Monday, November 4, 2013

On John Doe Summonses and the Appearance of Impartiality - Unrelated Topics But Both Discussed (11/4/13)

I assign my Tax Procedure students the case of United States v. Gertner, 65 F.3d 963 (1st Cir. 1995), here.  I contrast the case with United States v. Tiffany Fine Arts, Inc., 469 U.S. 310 (1985), here.  The context is the John Doe Summons under Section 7609(f), here.  Briefly, the John Doe Summons is an IRS summons issued to a person within the summons power of the IRS for information or documents about unknown taxpayers -- hence John Doe -- as to whom the IRS believes and can show that there is a potential, not fanciful tax compliance issue within the scope of its investigative authority.  The John Doe Summons has been used in the offshore account area.  Here is the discussion of Tiffany Fine Arts and Gertner from my Federal Tax Procedure text (footnotes omitted).
The John Doe Summons procedures were designed to provide checks and balances.  But, the IRS often finds that the procedures slow it down.  The IRS must convince DOJ Tax, whose attorneys are plenty busy with other work, that it is worth going through the procedures to get the summons.  DOJ Tax must gear up and present the matter to a frequently skeptical and almost always overworked District Judge who must play devil's advocate to the Government's ex parte application for the summons.  Obviously, the IRS would much prefer just to use its administrative summons which has no such cumbersome steps.  
In United States v.
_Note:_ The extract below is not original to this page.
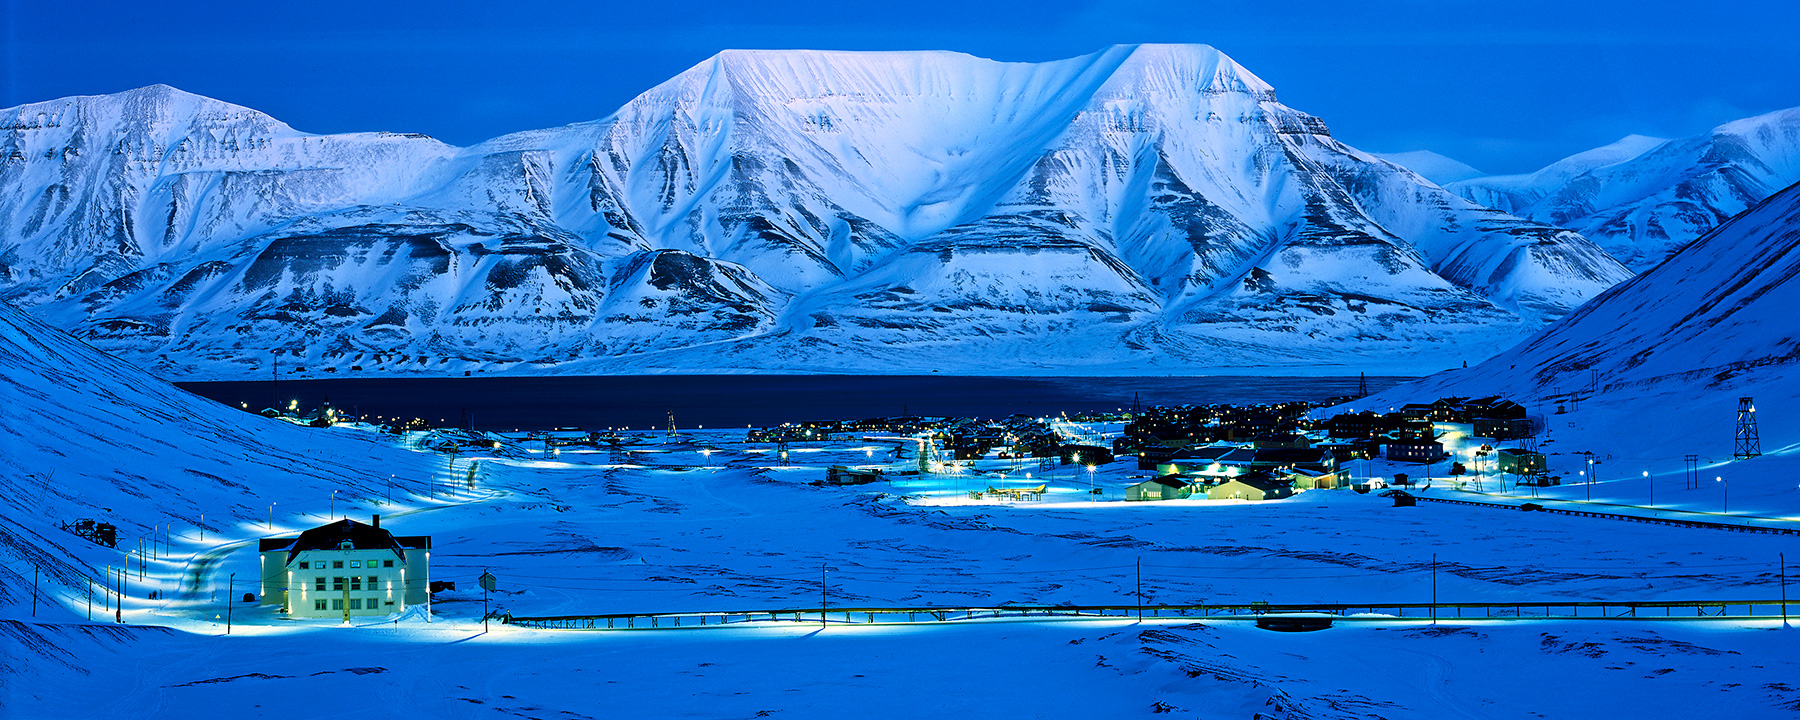 2. Svalbard

Tiffany Fine Arts, Inc., 469 U.S. 310 (1985), the Supreme Court blessed the IRS's use of the regular administrative summons rather than the John Doe summons where the target of the summons has transactions relevant to its tax liability which, if discovered, might also identify unknown third parties’ and be relevant to their tax liabilities.  The context there was a tax shelter promoter who sold the product to unknown third parties.  By allegedly investigating the promoter’s tax liability to support inquiries into whether it reported its income from those unknown third parties, the IRS could summons the information under the general administrative summons by meeting the minimal requirements of Powell. The Supreme Court blessed that gambit and refused to require the John Doe Summons procedure.  After Tiffany Fine Arts, the IRS saw the end-run around the John Doe Summons  procedures -- simply find a reason to audit the third party record-keeper such as the tax shelter promoter and find some pretext that obtaining the names of the third parties is relevant under the Powell standards to the audit of the record-keeper. 
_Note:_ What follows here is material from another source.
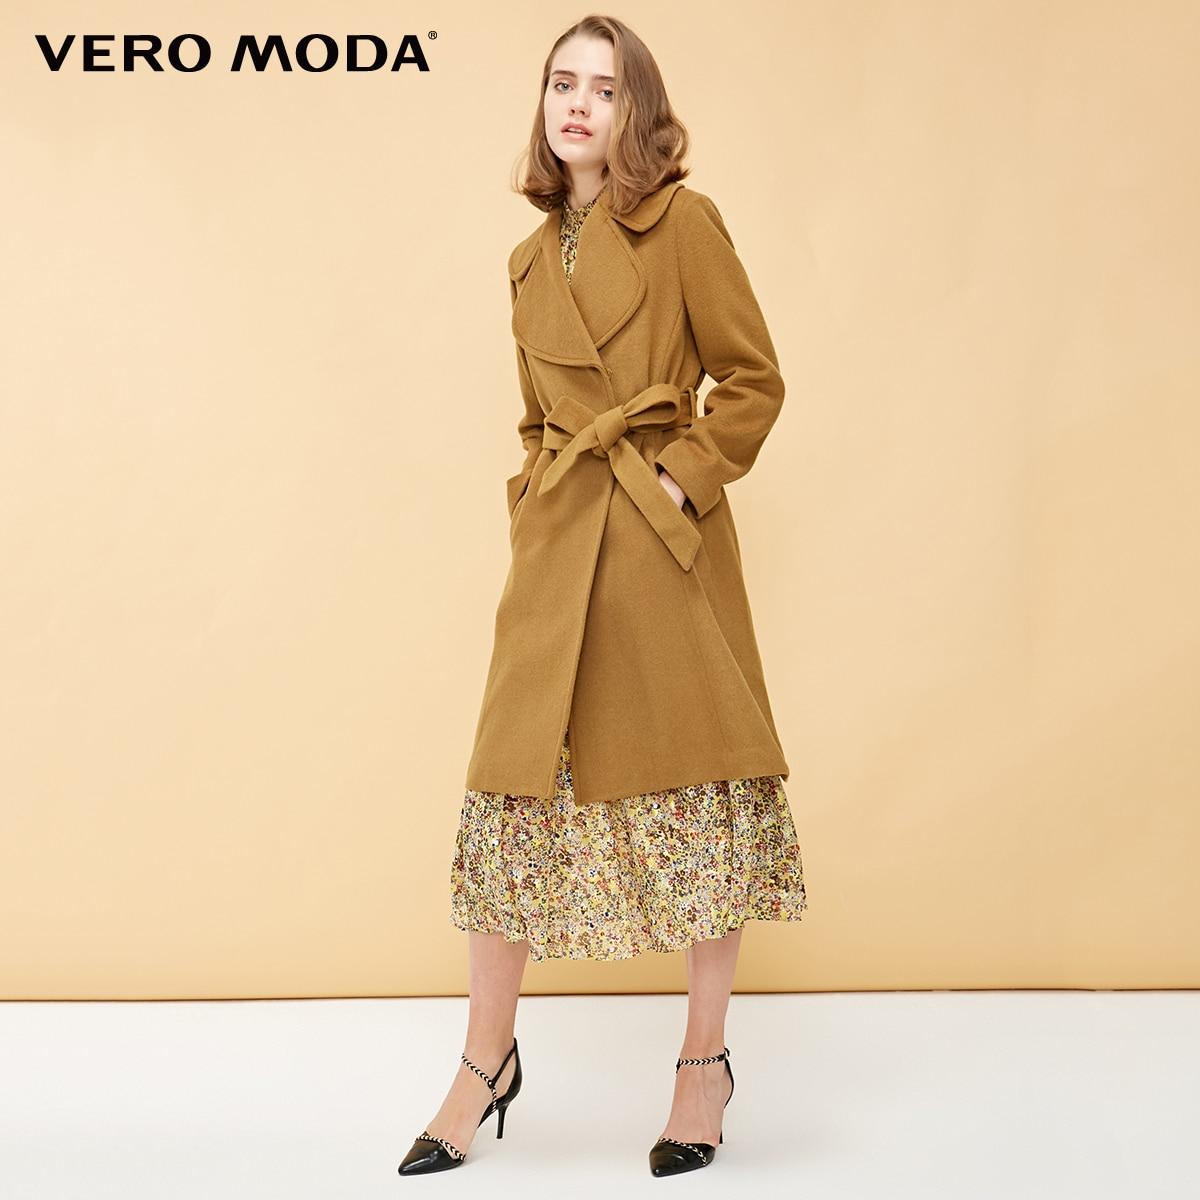 Vero Moda Women's 52% Wool Invisible Snap Wool Coat | 318327549

In United States v. Gertner, 65 F.3d 963 (1st Cir. 1995), which you should now read, a law firm filed a Form 8300 (currency transaction report) notifying the IRS that the law firm had received in excess of $10,000 in cash.  The form, however, failed to identify the taxpayer, asserting ethical grounds, the attorney client privilege and constitutional grounds. The IRS then issued a regular IRS summons to the law firm to produce the withheld information.  The IRS used the regular IRS summons as opposed to the John Doe summons on the ground the Supreme Court blessed in Tiffany Fine Arts -- i.e., that the summonsee's taxes were being investigated as well as the unknown taxpayer's taxes.  Analyzing the case under the Powell good faith standard, the district court concluded that the IRS's grounds for using the general summons -- i.e., that it was investigating the law firm's tax liability -- was pretextual, mere smoke and mirrors to achieve the real goal of investigating the unidentified taxpayer.  The Court of Appeals affirmed, noting importantly that the John Doe Summons procedure required advance court approval, a procedure the Government sought to avoid here on the pretext that it was after something more than the taxpayer's identity.  The Court of Appeals noted that the requirement of advance court approval could not be ignored by the IRS simply by chanting a litany based on Tiffany Fine Arts.
Readers may be aware of a very recent kerfuffle in the Second Circuit regarding a nontax issue where the Second Circuit took the highly unusual step of removing a federal district judge from a case in which the judge took the City of New York to task for, very generally, " improperly steering cases and commenting out of court."  The New York Times has a wonderful "Room for Debate" series of articles on the issues raised.  The series is titled "The Appearance of Impartiality" and may be viewed here.  One of the authors in the series is Nancy Gertner, who became a U.S. district judge herself after the skirmish in the case above.  So I thought I would post links to the series and Nancy Gertner's article here as an excuse to post the foregoing about the concepts of the John Doe Summons (hoping, of course, that those interested in the John Doe Summons might also have an interest in the Appearance of Impartiality).